The squadron reactivated on 1 October 1993 at Charleston Air Force Base, South Carolina, and was assigned to the 437th Operations Group. The 15th received its first McDonnell Douglas C-17 Globemaster III in June 1993.

==Lineage==
- Constituted as the 15th Transport Squadron on 20 November 1940
 Activated on 4 December 1940
 Redesignated 15th Troop Carrier Squadron on 4 July 1942
 Inactivated on 31 July 1945
- Activated on 30 September 1946
 Redesignated 15th Troop Carrier Squadron, Medium on 1 July 1948
 Redesignated 15th Troop Carrier Squadron, Heavy on 15 August 1948
 Redesignated 15th Military Airlift Squadron on 8 January 1966
 Redesignated 15th Airlift Squadron on 1 January 1992
 Inactivated on 26 July 1993
- Activated on 1 October 1993

===Assignments===
- 61st Transport Group (later 61st Troop Carrier Group), 4 December 1940 – 31 July 1945
- 61st Troop Carrier Group, 30 September 1946
- 63d Troop Carrier Group, 8 October 1959
- 63d Troop Carrier Wing (later 63d Military Airlift Wing), 18 January 1963
- 63d Military Airlift Group, 1 October 1978
- 63d Military Airlift Wing, 1 July 1980
- 63d Operations Group, 1 January 1992 – 26 July 1993
- 437th Operations Group, 1 October 1993 – present

===Stations===

- Duncan Field, Texas, 4 December 1940
- Augusta Airport, Georgia, 12 July 1941
- Pope Field, North Carolina, 24 May 1942
- Lubbock Army Air Field, Texas, 15 November 1942
- Pope Field, North Carolina, 26 February–30 April 1943
- Lourmel Airfield, Algeria, 15 May 1943
- Kairouan Airfield, Tunisia, 21 June 1943
- Licata Airfield, Sicily, 3 September 1943
- Sciacca Airfield, Sicily, 6 October 1943 – 12 February 1944
- RAF Barkston Heath (AAF-483), England, 18 February 1944
- Abbeville/Drucat Airfield (B-92), France, 13 March–19 May 1945

- Waller Field, Trinidad, 19 May–31 July 1945
- AAF Station Eschborn, Germany, 30 September 1946
- AAF Station Frankfurt (later Rhein-Main Air Base), Germany, 9 February 1947 – 21 July 1950
- McChord Air Force Base, Washington, 26 July–4 December 1950
- Ashiya Air Base, Japan, 13 December 1950
- Tachikawa Air Base, Japan, 26 March–18 November 1952
- Larson Air Force Base, Washington, 21 November 1952
- Donaldson Air Force Base, South Carolina, 25 August 1954
- Hunter Air Force Base, Georgia, 1 April 1963
- Norton Air Force Base, California, 1 April 1967 – 26 July 1993
- Charleston Air Force Base (later Joint Base Charleston), South Carolina, 1 October 1993 – present

===Aircraft===

- Douglas C-33 (1941)
- Douglas C-39 (1941–1942)
- Douglas C-47 Skytrain (1942–1945, 1946–1948)
- Douglas C-54 Skymaster (1948–1952)

- Douglas C-124 Globemaster II (1952–1967)
- Lockheed C-141 Starlifter (1967–1997)
- Boeing C-17 Globemaster III (1997–present)

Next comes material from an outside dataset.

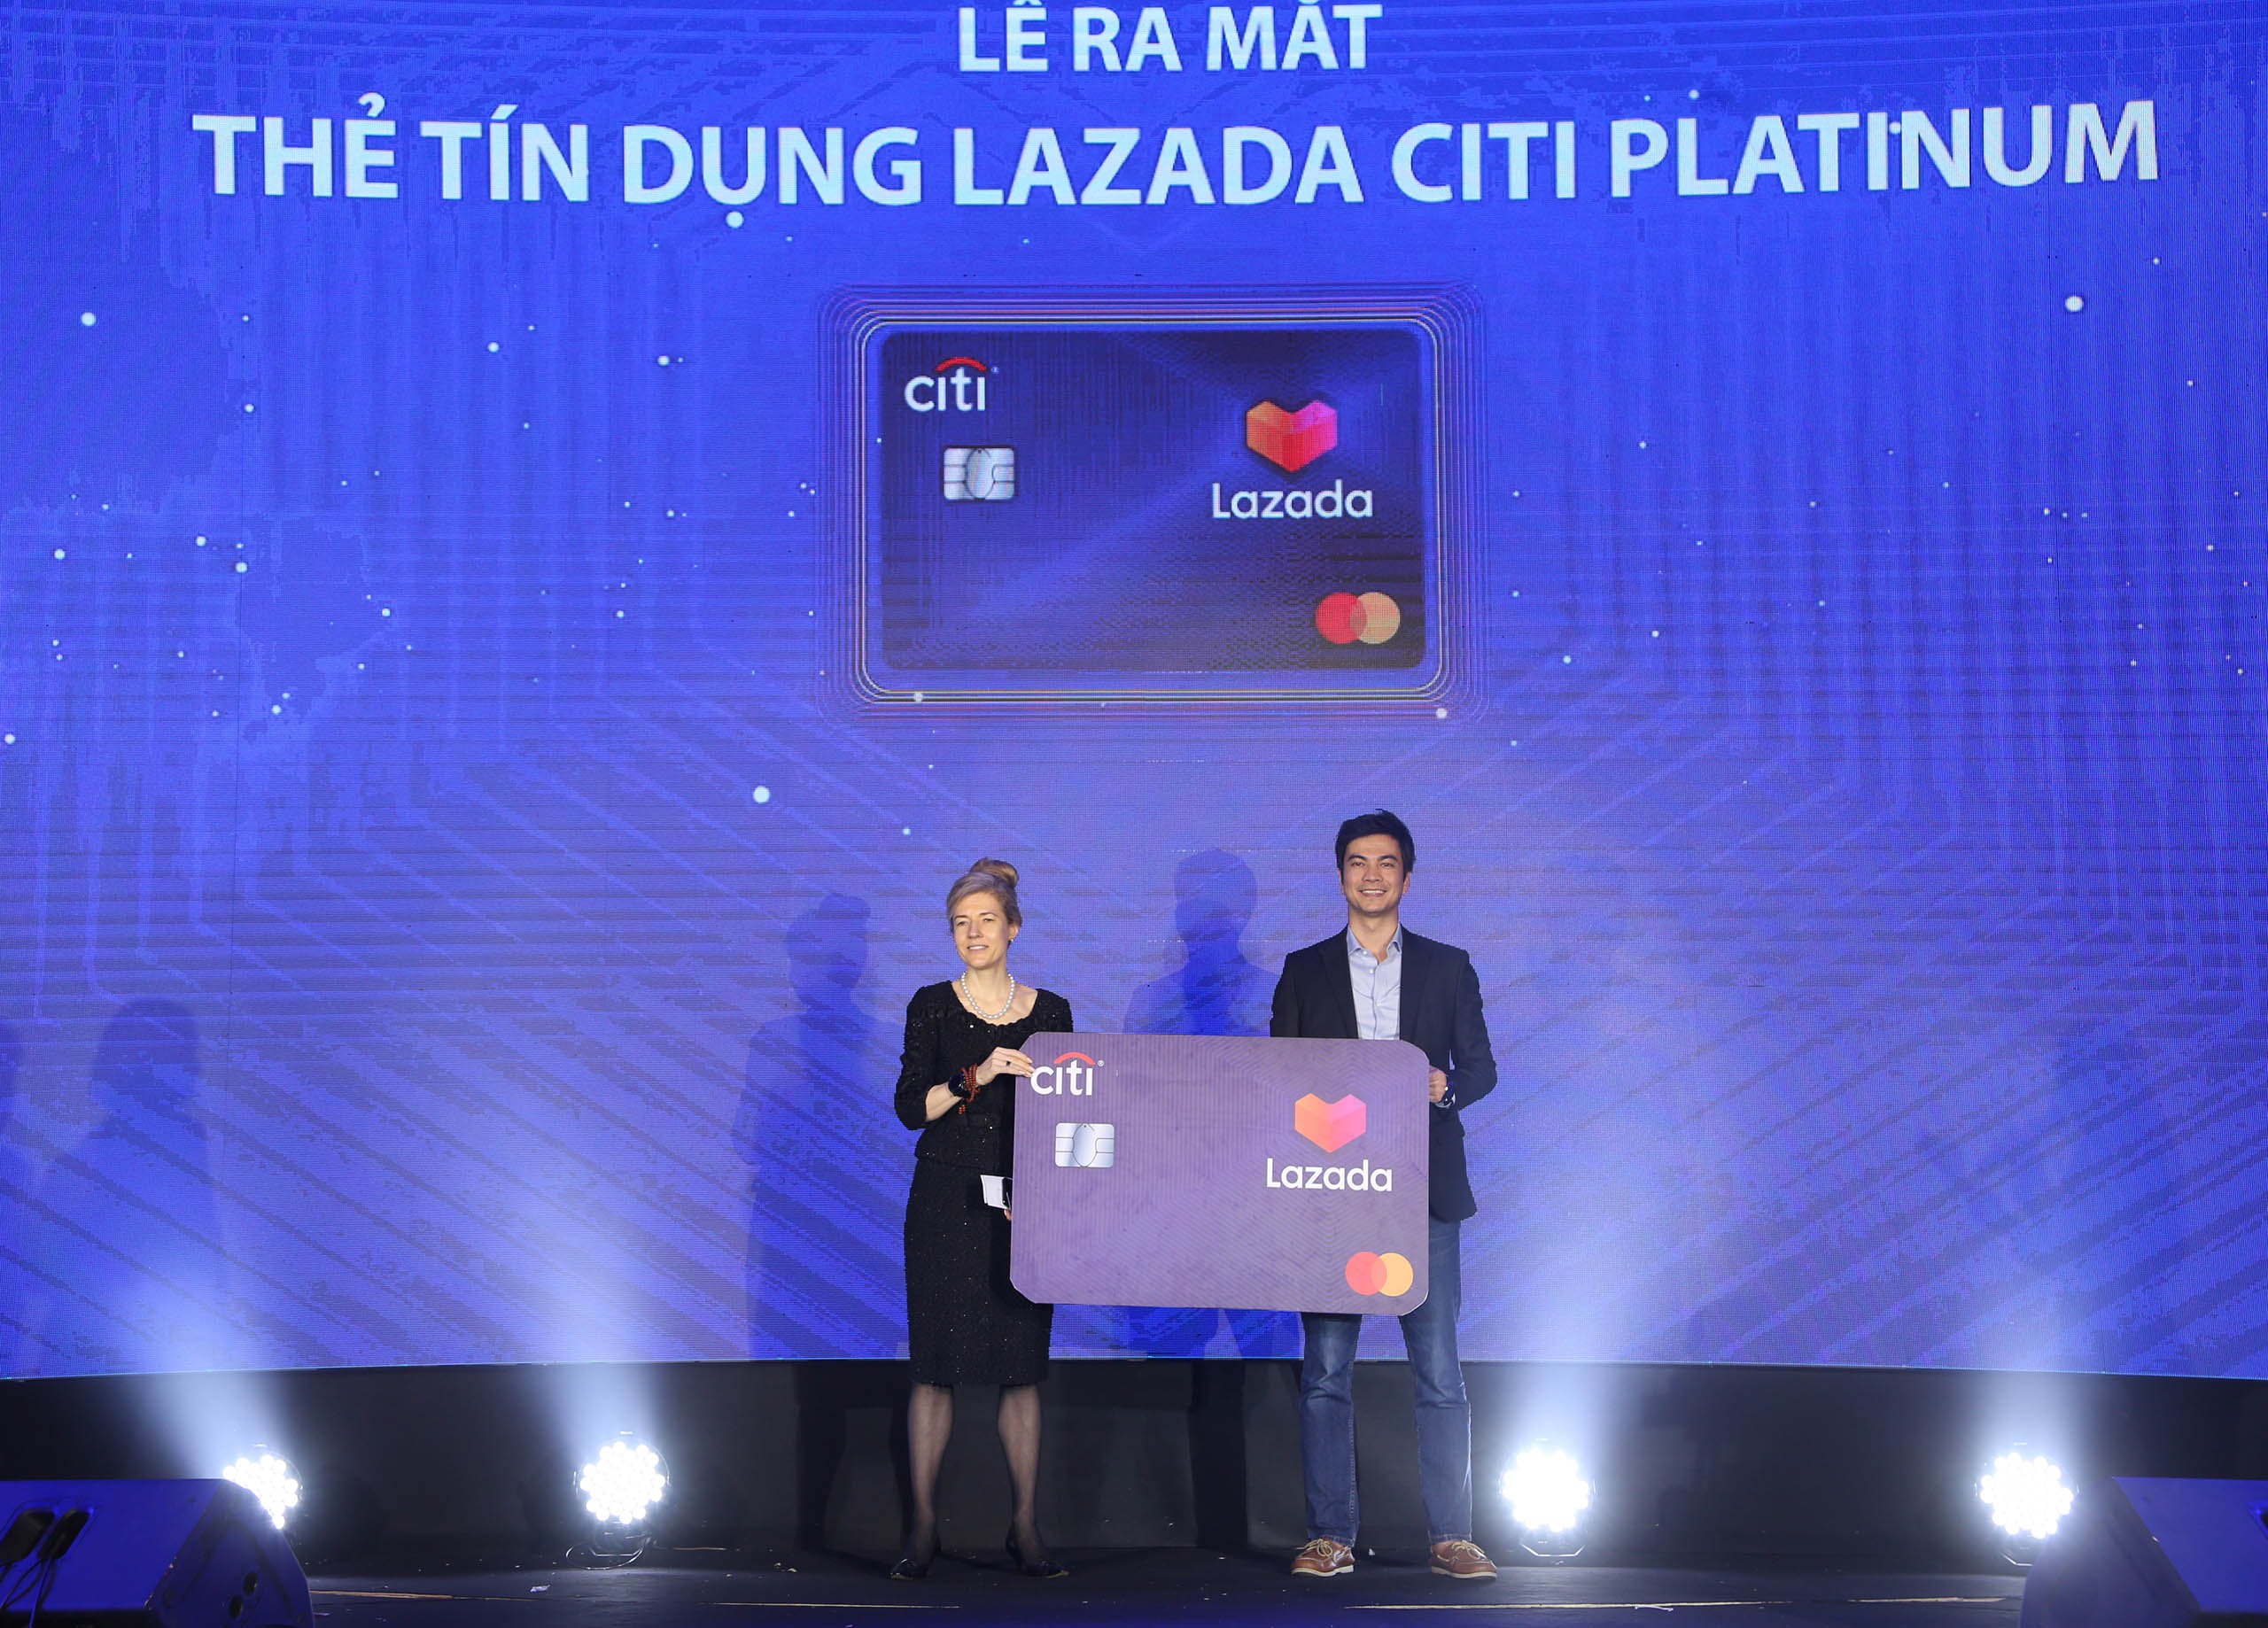 Ra mắt thẻ tín dụng Lazada Citi Platinum tại Việt Nam - 2

===Awards and campaigns===
- Campaigns. World War II: Sicily; Naples-Foggia; Normandy; Northern France; Rhineland; Central Europe. Korea: CCF Intervention; First UN Counteroffensive; CCF Spring Offensive; UN Summer-Fall Offensive; Second Korean Winter; Korean Summer-Fall, 1952.
- Decorations. Distinguished Unit Citations: Sicily, 11 July 1943; France, [6–7] Jun 1944; Korea, 13 December 1950 – 21 April 1951. Air Force Outstanding Unit Awards: 1 July 1957 – 10 December 1962; 1 July 1968 – 30 June 1969; 1 July 1970 – 30 June 1971; 1 June 1978 – 31 May 1980; 1 Jan-31 Dec 1983; 1 Jan-31 Dec 1987; 1 January 1990 – 30 April 1991. Republic of Korea Presidential Unit Citation: 1 Jul 1951–[18 Nov 1952]. Republic of Vietnam Gallantry Cross with Palm: 1 April 1966 – 8 January 1973.